# Im losing it, cant stop crying



## kgregory1011 (Dec 2, 2010)

I need help!!

I have completely lost it.

My husband and I have been seperated for a week. We talk and have seen each other twice since he left. Today he had counseling and we agreed to go out for breakfast after.

He came home to get me (or so I thought) sat down and said "This isnt going to be good, I don't want to be married anymore". I lost it, he is supposed to be working on getting through "some issues" that he has, thats why we separated.

I freaked out, called him every name in the book, yelled and screamed, through my rings at him, told him to get the f--k out etc ... 

He went into the bedroom and started packing his stuff. He told me he loved me, said that he needs to be alone, wants to be alone, he's not good for me, he can't give me what I need etc... I cried and cried and cried .. I started hyperventilating, he calmed me down and sat down next to me. 

I started talking about how he is in a "fog" and not thinking clearly, he started meds for Bi-Polar yesterday. He also has anxiety disorder and depression. He yelled at me and said "it has nothing to do with effing meds, this is what I want, I need, I have never been alone, I want this for me"

I did the normal, I got mad, I cried more, i brokedown completely. I walked outside and called my mom while he packed the rest of his stuff. He loaded up the car and came to me, said he was sorry, said he knows he is giving up the best thing he has ever had.

He went inside to get more things. On my way in (crying) he stopped me, put his arms around me and held me while I cried. He had tears falling from his eyes. I asked how he could do this. I have loved him, I have supported decisions he's made, I have made him feel like he never has before. He said he knew and that he loved me. He then said he was going to go, he needed to be alone and think and that he would call me later. I hugged him again and then we kissed. I told him I didn't want this to be over, he told me he loved me (still teary eyed) and said goodbye. On his way he said he would call me later.

I am so confused.. what the hell is going on? I swear it was a biploar moment, or bpd. I feel like were together but were not. Im falling apart, I feel weak like I can't continue. I feel like my life has been ripped out from under me and I am suffocating.

This man has had it good. I have gone above and beyond to bring happiness into his life. Everyone has there issues. 

My mom says he needs to hit rock bottom so he can see what he is going to lose. I thought he was already there. I don't know what to do. Do I answer his calls or texts? Do I ignore and let him wonder what I'm feeling or doing. I am desperate for help. I don't know alot of people and all my family is up north, I have noone here. Neither does he.


----------



## kgregory1011 (Dec 2, 2010)

i have ignored his texts from last night.

He just started meds for bipolar 2 days ago. 

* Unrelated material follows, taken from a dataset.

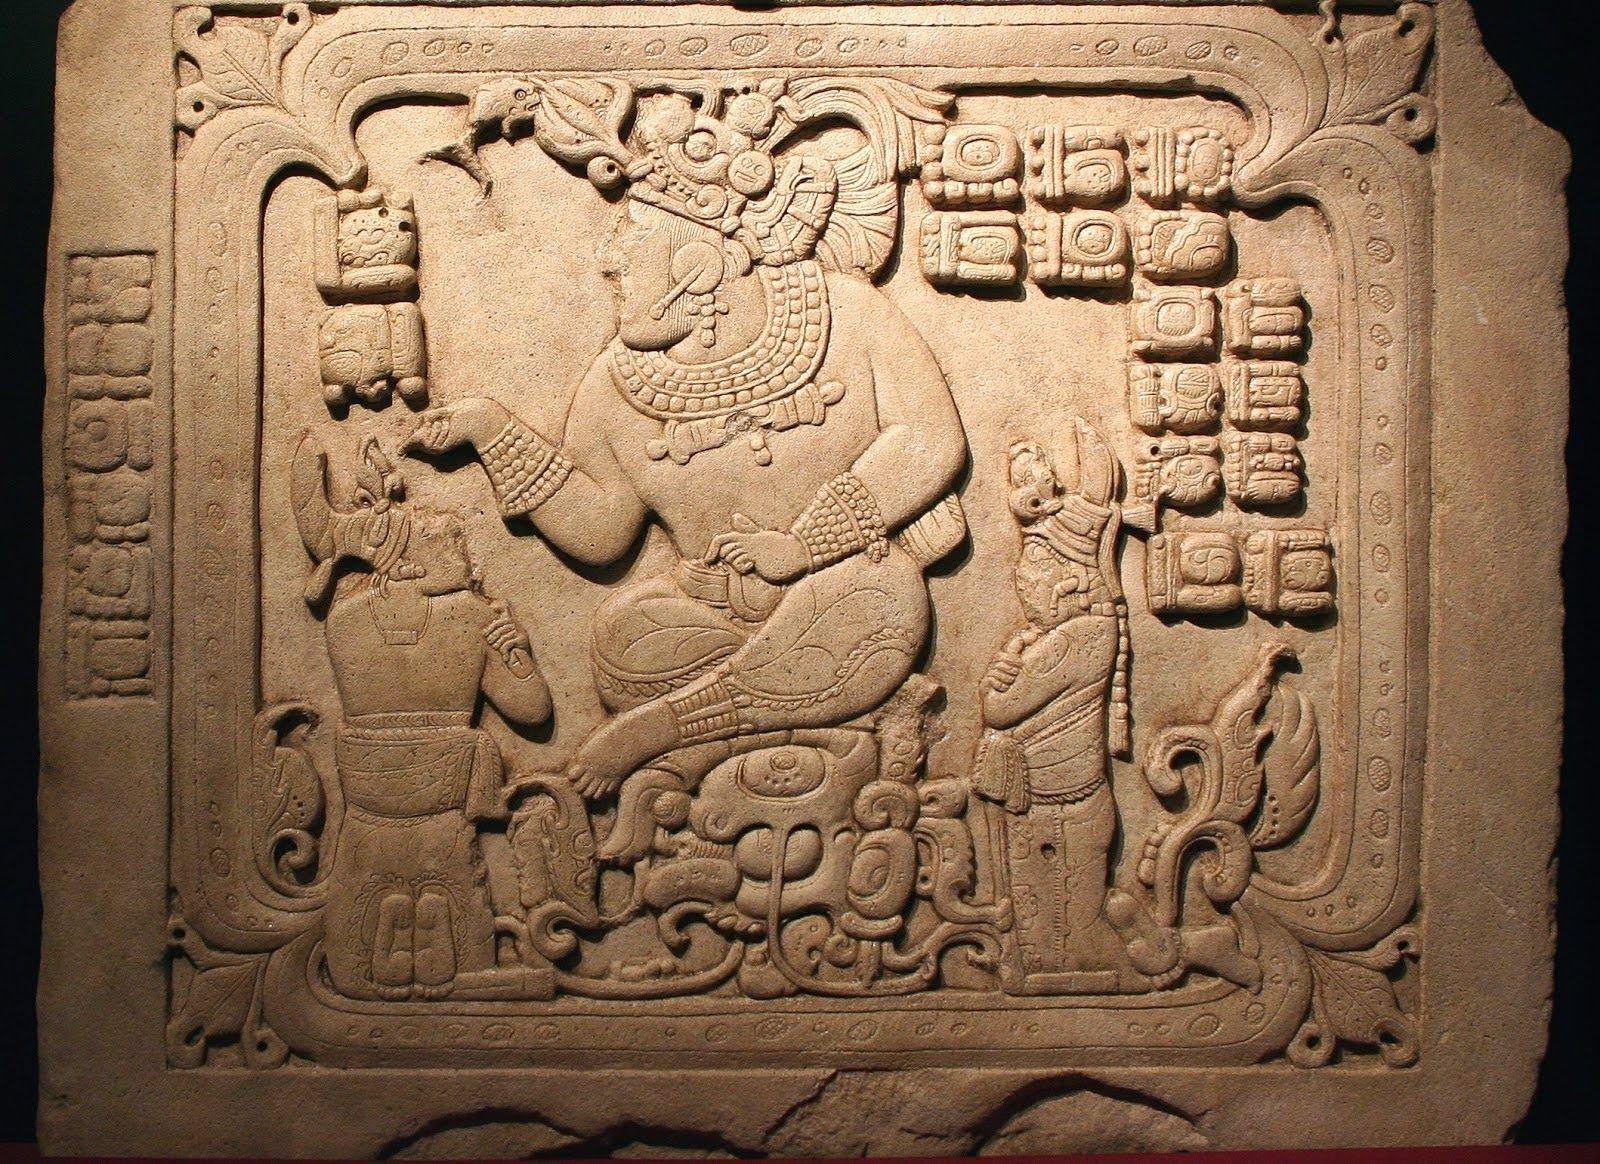 Aztecs Documented Ancient Giants, Videos Descriptions of ...

He can't make any decisions for future, not even the next day.How can he make a decision that is going to effect the rest of his life? 

Im a mess, part of me wants him to come home now. Im lost, Im hurt and I have no answers. 

This hurts so much, I can't see any "bright" side to this, Im falling apart.


----------



## DjF (Nov 24, 2010)

don't really know if anything anyone could say that would make things better...keep writing your feelings down, keep seeking help...I've been there...felt so empty, nothing made anything better...

but it will get better...because we have to believe in something and I choose to believe in that...


----------



## kgregory1011 (Dec 2, 2010)

I just need someone to talk to. 

Someone who is going through this or has been through it.


----------



## DjF (Nov 24, 2010)

keep talking here...I'm going through something similar but nothing as desparate...I think we will be getting back together...

she keeps talking about forgiving me...I haven't even tried to tell her that she left, she needs to ask me for forgiveness too...

you seem to be so passionate about your relationship, turn that passion back into yourself...spoil yourself...


----------



## Why Not Be Happy? (Apr 16, 2010)

Hang in there! You are in for a Roller-Coaster ride of emotions.
What are his reasons for wanting to give up?


----------



## Why Not Be Happy? (Apr 16, 2010)

maybe his meds will help----
I'm glad you have your Mom as a resource too.


----------



## Shelly29 (Oct 9, 2010)

Roller coaster ride from hell... I have been on it for 3 months... I htink my H is depressed too but he wont admit it.... he doesn't even want to work on it, he moved out, got his own place and we are finally signing papers on Monday....

Its hard to comprehend how or why .......it doesnt and wont make sense now... still doesnt to me, i cried everyday for 2 months... now the crying subsided a bit more but its rough...you gotta be strong, keep your head up and think of yourself. ANy and all advise people will give you just doesnt feel right....and you can't see it. You have to trust in life, in destiny and what fate will have in store for you down the road....don't fight it...which ever way it will go.


----------



## kgregory1011 (Dec 2, 2010)

Shelly  Thank you for that.

It is so hard for people to understand what it is like.

I've never been so confused before in my life. 

He posted this on my facebook ..

IM SORRY LOVE, BUT WHAT I AM DEALING WITH IS PAIN AS WELL... NO ONE WILL EVER UNDERSTAND/KNOW WHAT I WRESTLE WITH. SEPARATING TRUE LOVE FROM MENTAL/EMOTIONAL STABILITY..

Do you relate to this? The I love you, I want to be alone?


----------



## rome2012 (Sep 10, 2010)

kgregory1011 said:


> Shelly  Thank you for that.
> 
> It is so hard for people to understand what it is like.
> 
> ...


Sounds like a martyr....I love you, but I don't want you to suffer with me....

I'm not sure if I like this kind of martyrdom and I don't even know if it's real....or just make him seem less of an a*****e ......

You know him better than any of us....do you believe it's a sincere "I love you".....

If you feel it's really just him trying to keep you from having to deal with his misery than maybe you can tell him "I love you with all my heart and when I married you I vowed through thick and thin, in sickness and in health....and I meant every word of it !!! If you let me, I will help you through this.....Together we can do this...." or something like this....

I hope he comes to his senses *****hugs***** !!!!!


----------



## Shelly29 (Oct 9, 2010)

I got the whole "i am blaming you for everything" the first two weeks, even though he couldn't tell me what those things were.... then i got the I love you and care for you but I just dont want to be married anymore....its just a feeling.

Can't even begin to figure out how to get closure from this....


----------